11/4/19

Reinvent yourself!

It's interesting when you've been in a particular place in your life for a while. You can start to get comfortable and think that's all the world has to offer you. I'm proud to say that I'm "shaking things up" a little bit by delving into the world of self-publishing. It's been a challenge and yet I've enjoyed learning new things, meeting new people and experiencing a little more control over my writing. My first "success" story, I suppose, is that I now have a Christmas novella up on Amazon. It was time to reinvent myself a little...maybe it's your time, too! "A Neverland Inn Christmas"

                                       



11/30/18

When life derails your writing...

Being a writer is an interesting thing. The process of writing is so intrinsically tied up in who the writer is and requires such a personal investment, that it's only a matter of time before it gets derailed by various physical or emotional "boulders" that life tosses carelessly on the tracks. And the writer, blissfully surging along, finds themselves tossed like so much rubble onto the ground. Many will pick themselves back up, examine their wounds and rethink another path or mode of transportation. For others, the wreck seems too catastrophic and they retreat to tend to their wounds and wait until a sufficient amount of healing has occurred. I've discovered that I tend to do both.

Writing has always been my creative outlet, my "happy place," my bliss. Where I've felt understood, connected to a larger power, even loved. Life makes sense and I feel my purpose in it all. So, why would I ever abandon that, simply because life throws some challenge at me? Maybe because it's also where I feel the most doubt, experience the most frustration and can be overwhelmed by the sense that I can't ever be good enough. By walking a tightrope between those two worlds, it isn't hard to get thrown off balance and retreat to a place that seems safer--where I don't have to constantly be examining and interpreting life.

I guess that makes me a "fair weather" writer. When things are going well and I'm reasonably content, I don't mind looking back on past hurts and pain and trying to figure out how to represent the truth of those experiences on paper. But when I'm in the thick of it and see disaster all around me, I shut down the conduit of my creativity and go into survival mode--kind of like a victim of hypothermia, where all of my blood is sucked into my core, leaving my extremities exposed to the elements. It's like I'm willing to sacrifice an arm or a leg so my torso can survive. When the real answer is to get up and get moving!

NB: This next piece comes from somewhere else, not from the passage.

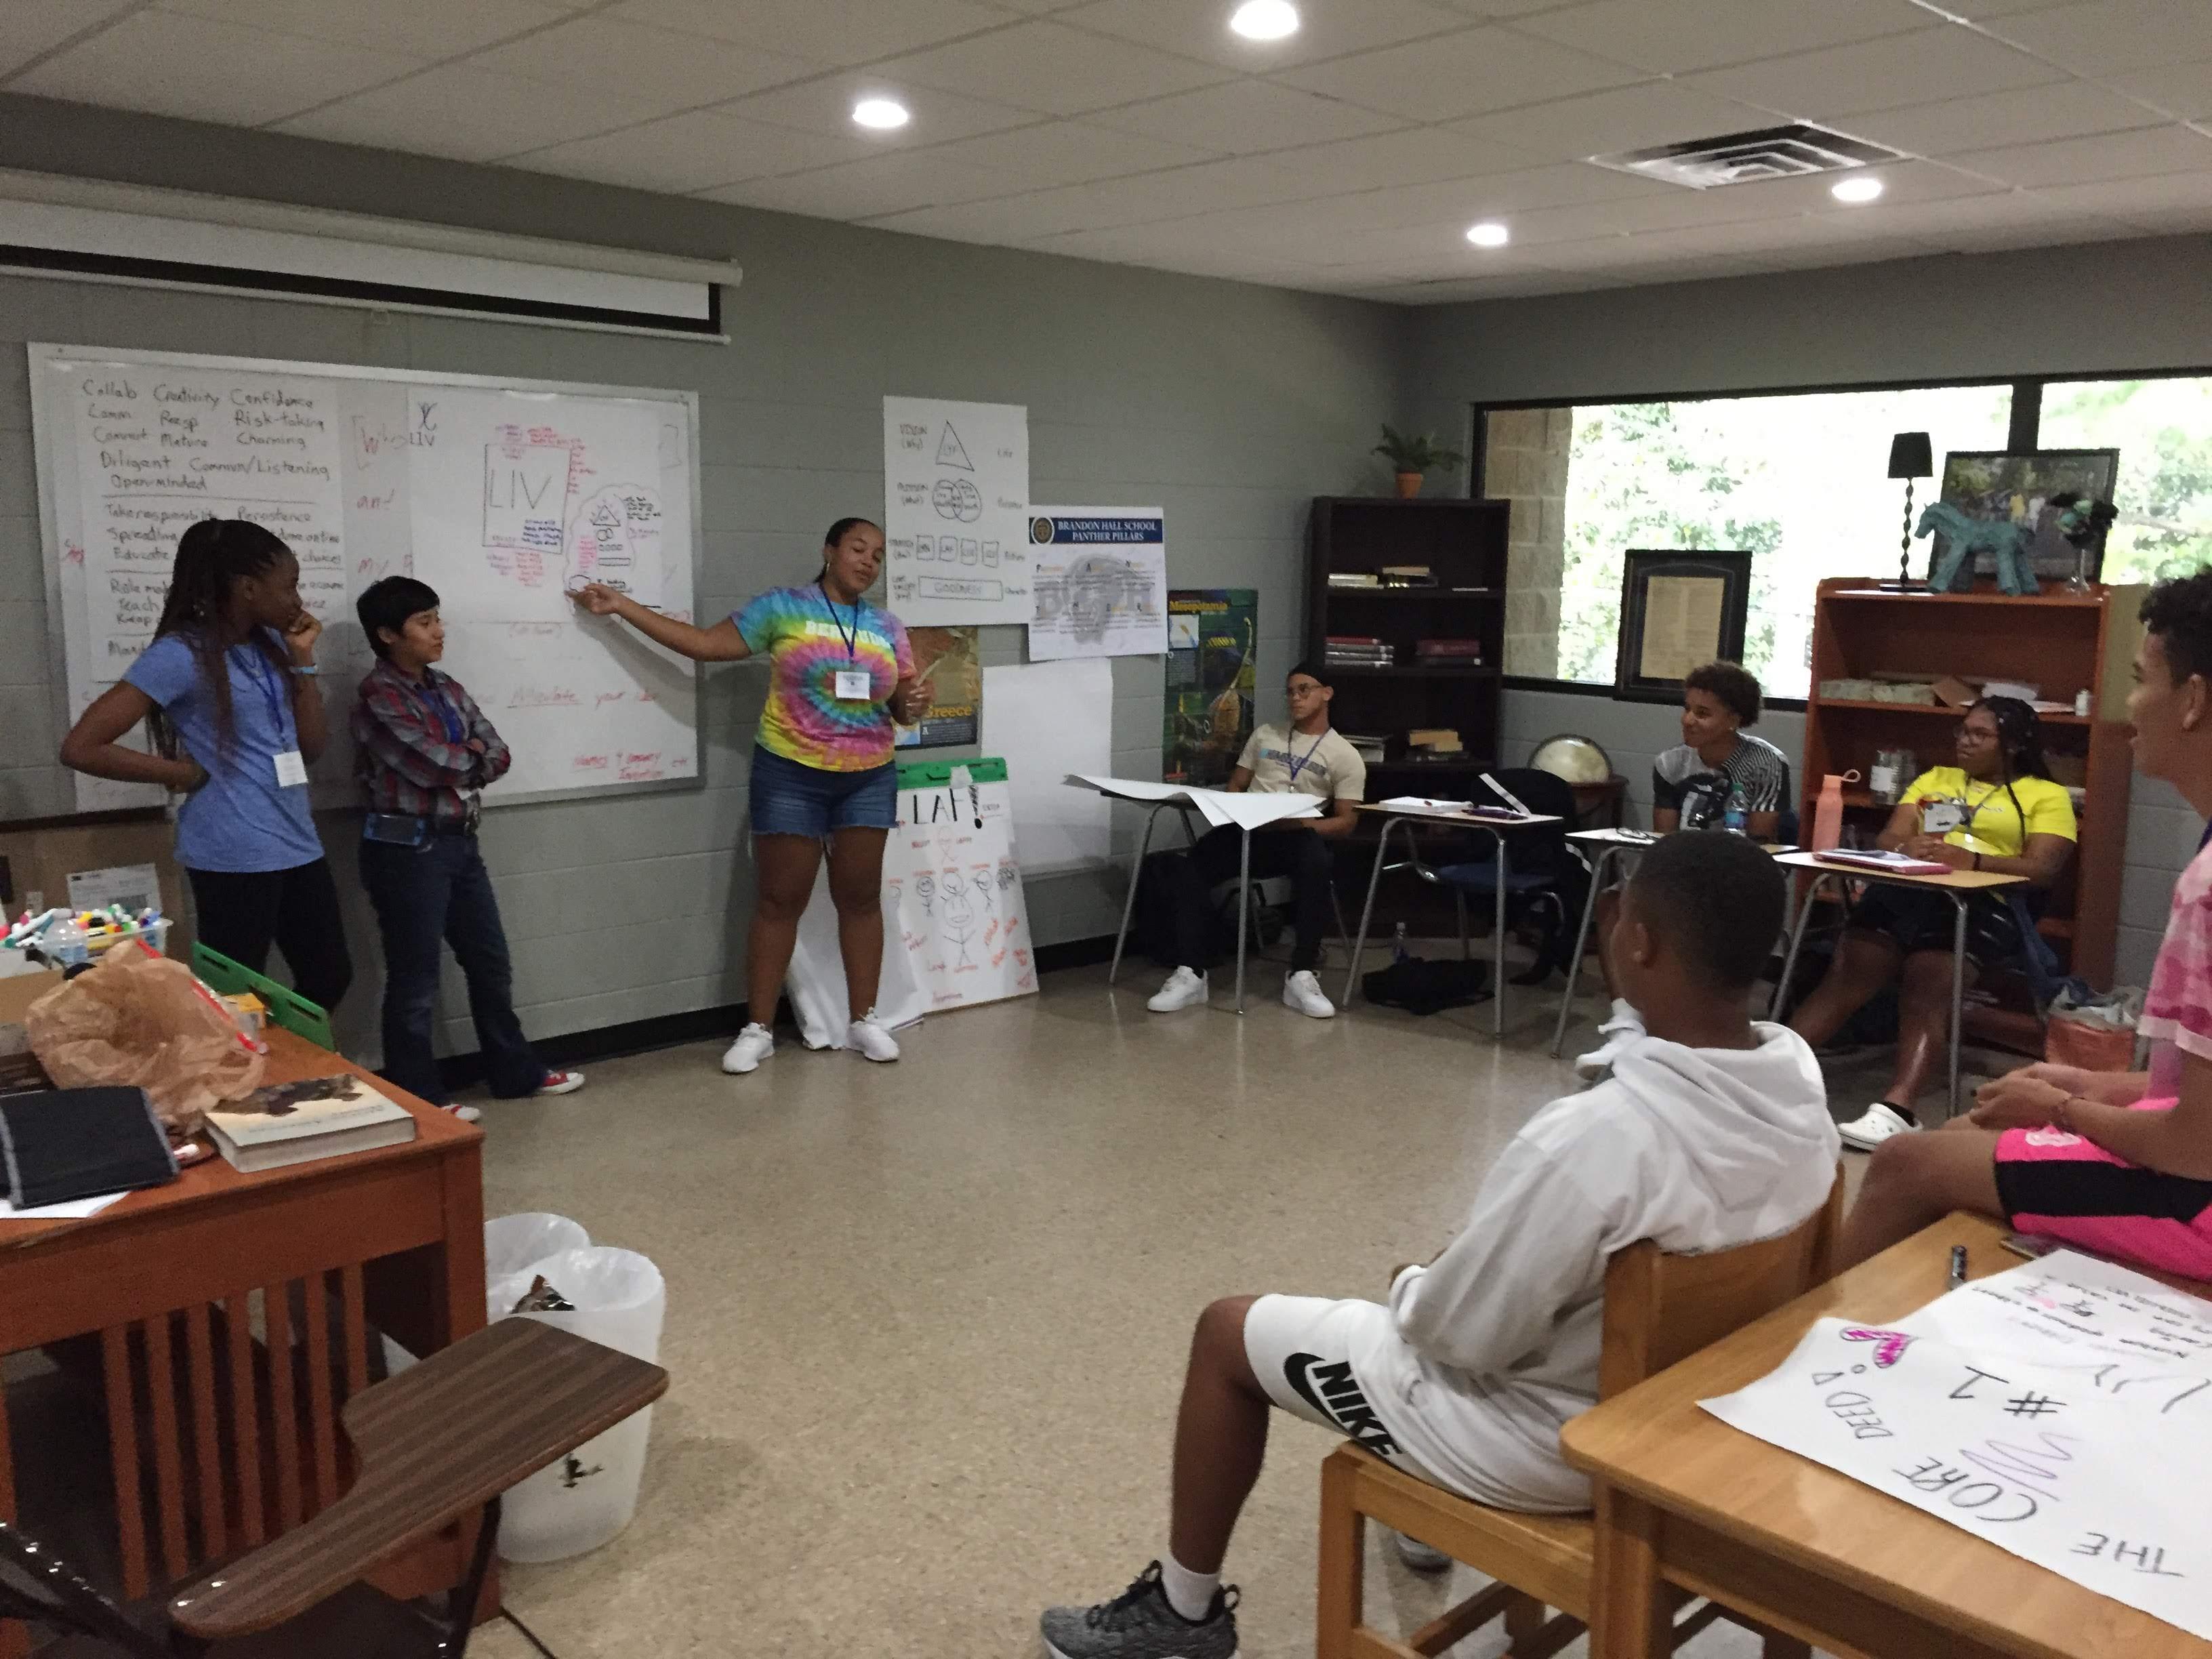 LRN LAF LUV LIV Learn Laugh Love Live for Leaders Workshop 2 Students Presenting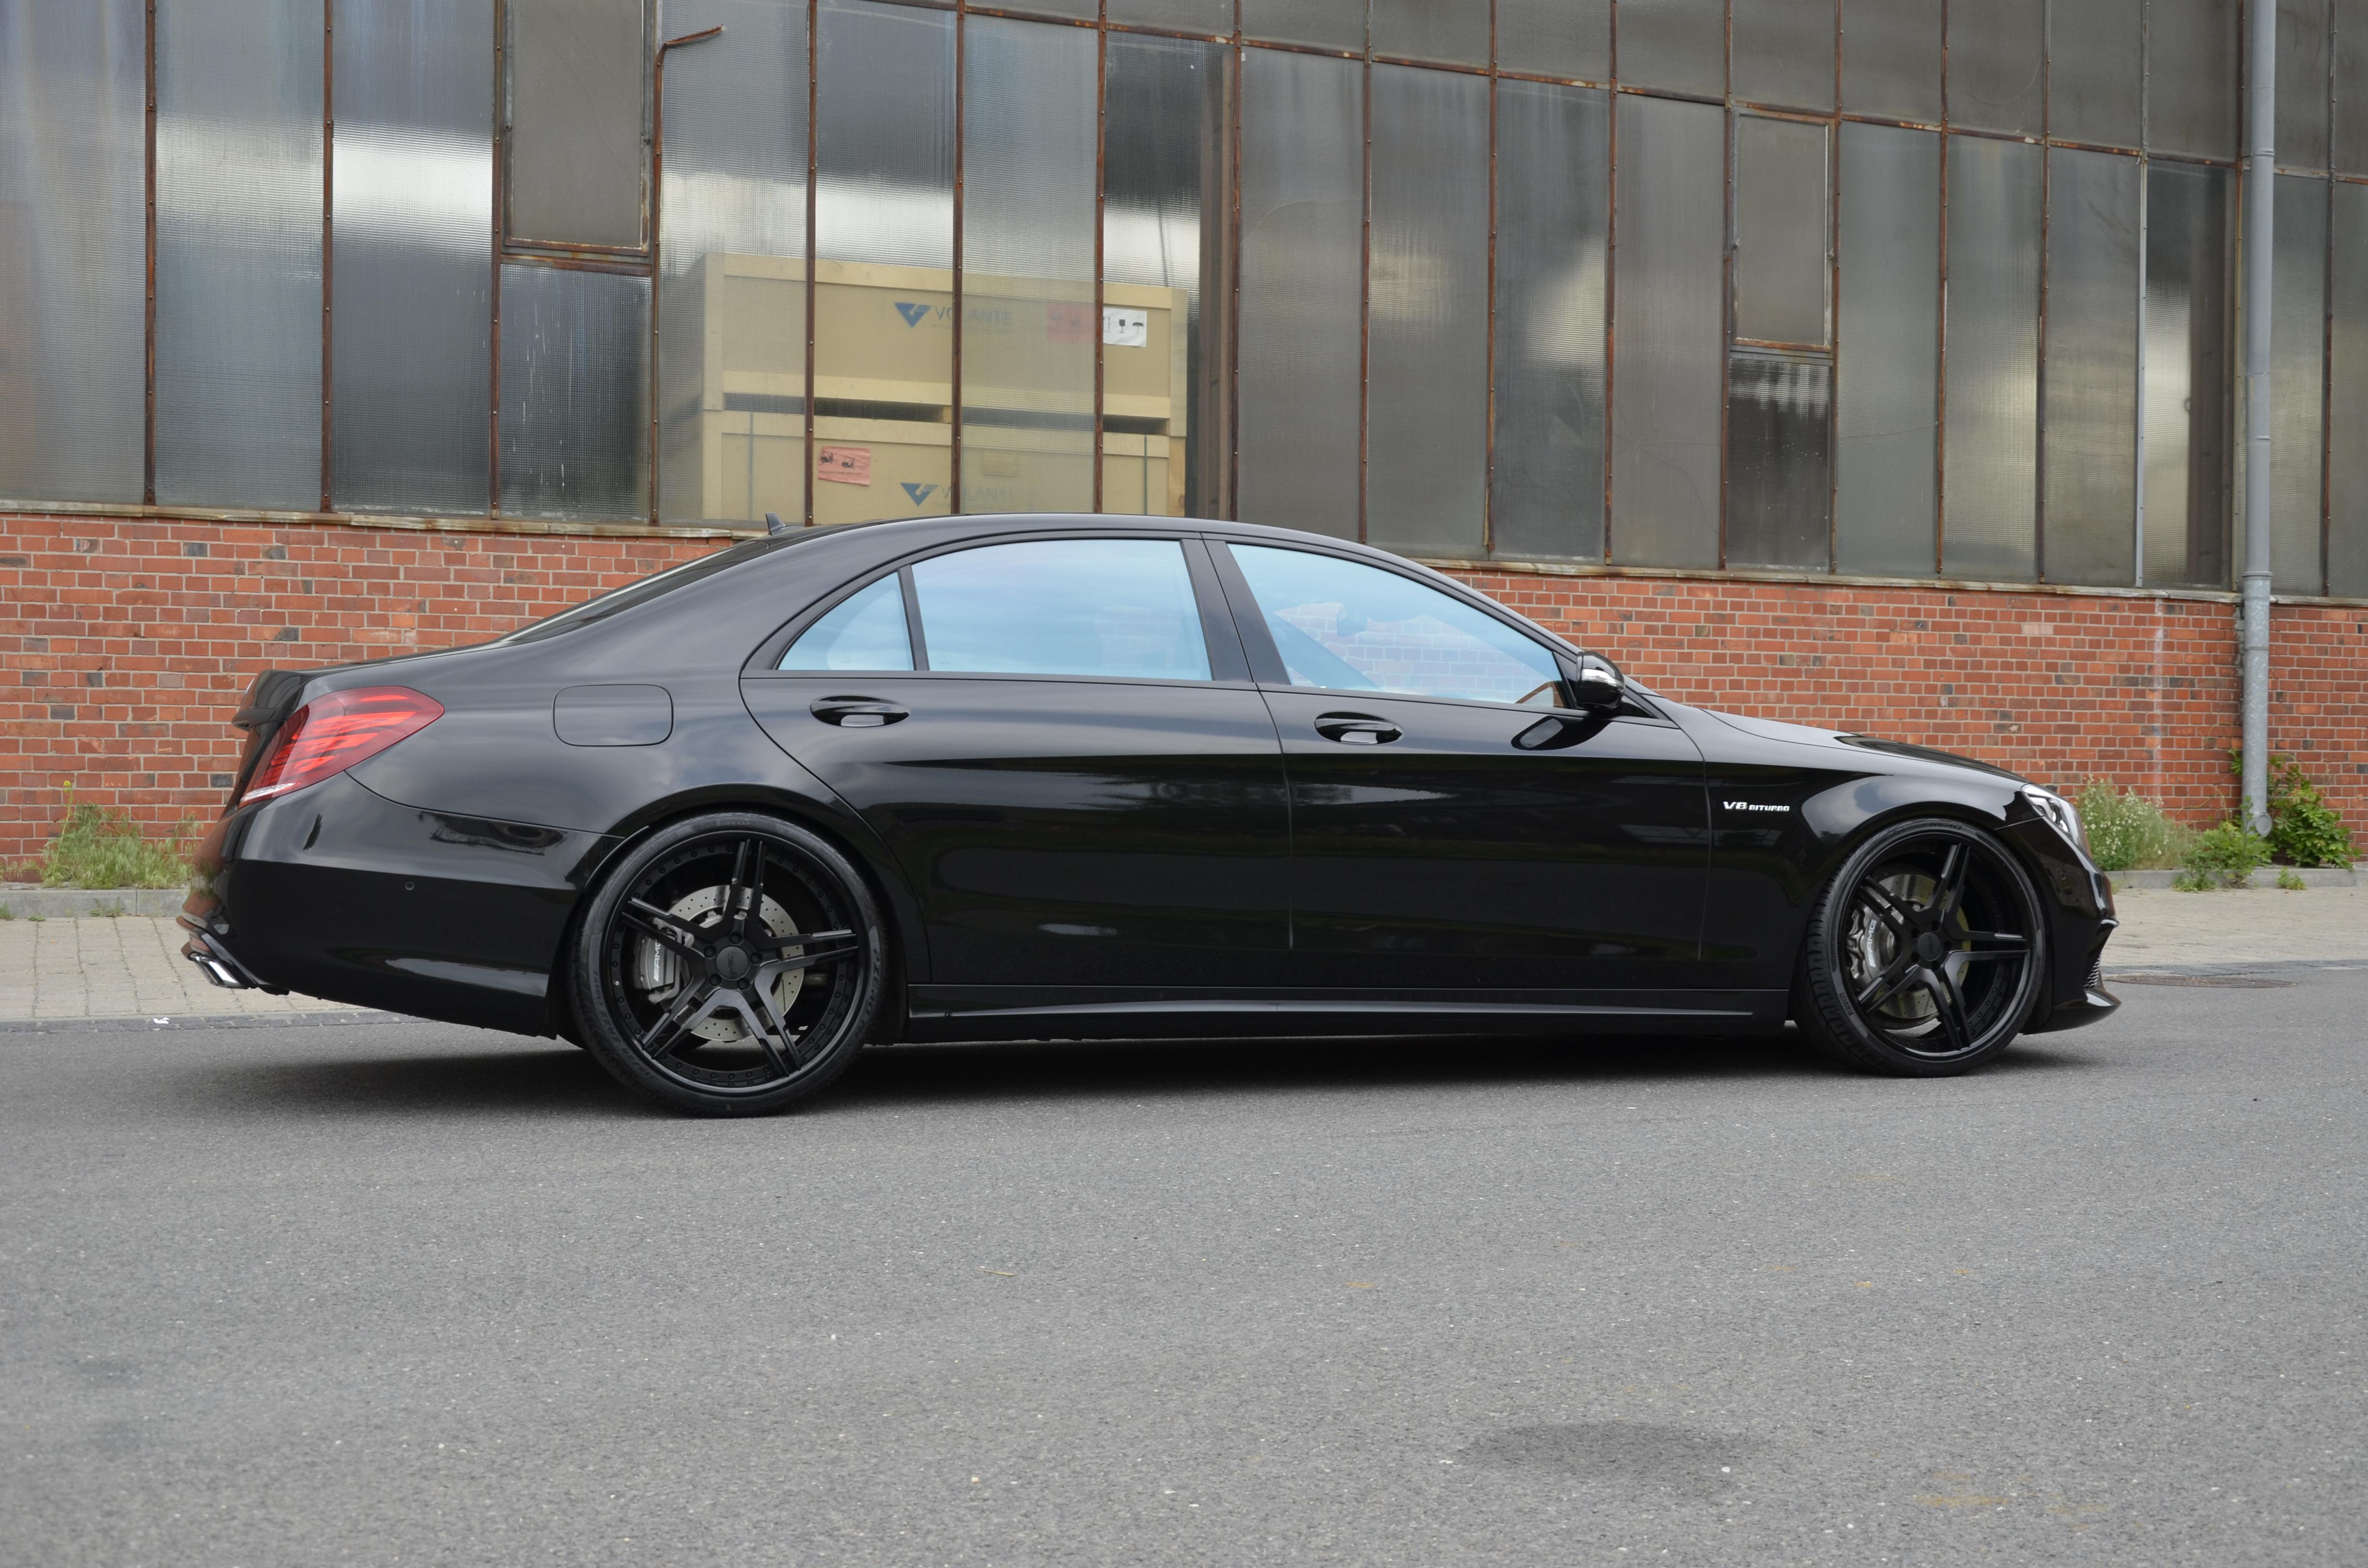 MEC Releases Customized Mercedes S63 AMG - BenzInsider.com ...

A few people, when they find out I write, ask me how you get over writer's block. I used to give them an appropriate answer that you have to continue to write, even if it's just keeping a journal. That you push through the feeling and eventually it will go away. Because you're a writer and you're meant to write! It sounded really good at the time. But the truth of it is, you can't "get over" writer's block, because writer's block is really another name for fear. And fear doesn't go anywhere, it just becomes more manageable at times. Ask a tightrope walker twenty feet off the ground if they're no longer "afraid" of being suspended that high. I'll bet they say that they still get afraid, they've just had enough experience to know that even if they do fall, they were doing what they wanted and needed to do with their life--so what does it matter?

To truly be a writer, I have to allow myself to accept that there will always be an element of fear in what I do. Perhaps as I gain more experience and more confidence in my ability, I won't dwell on it as often. But I'll never completely be at ease with the knowledge that no matter how much success I might achieve or how far I go, the next second--I could fall.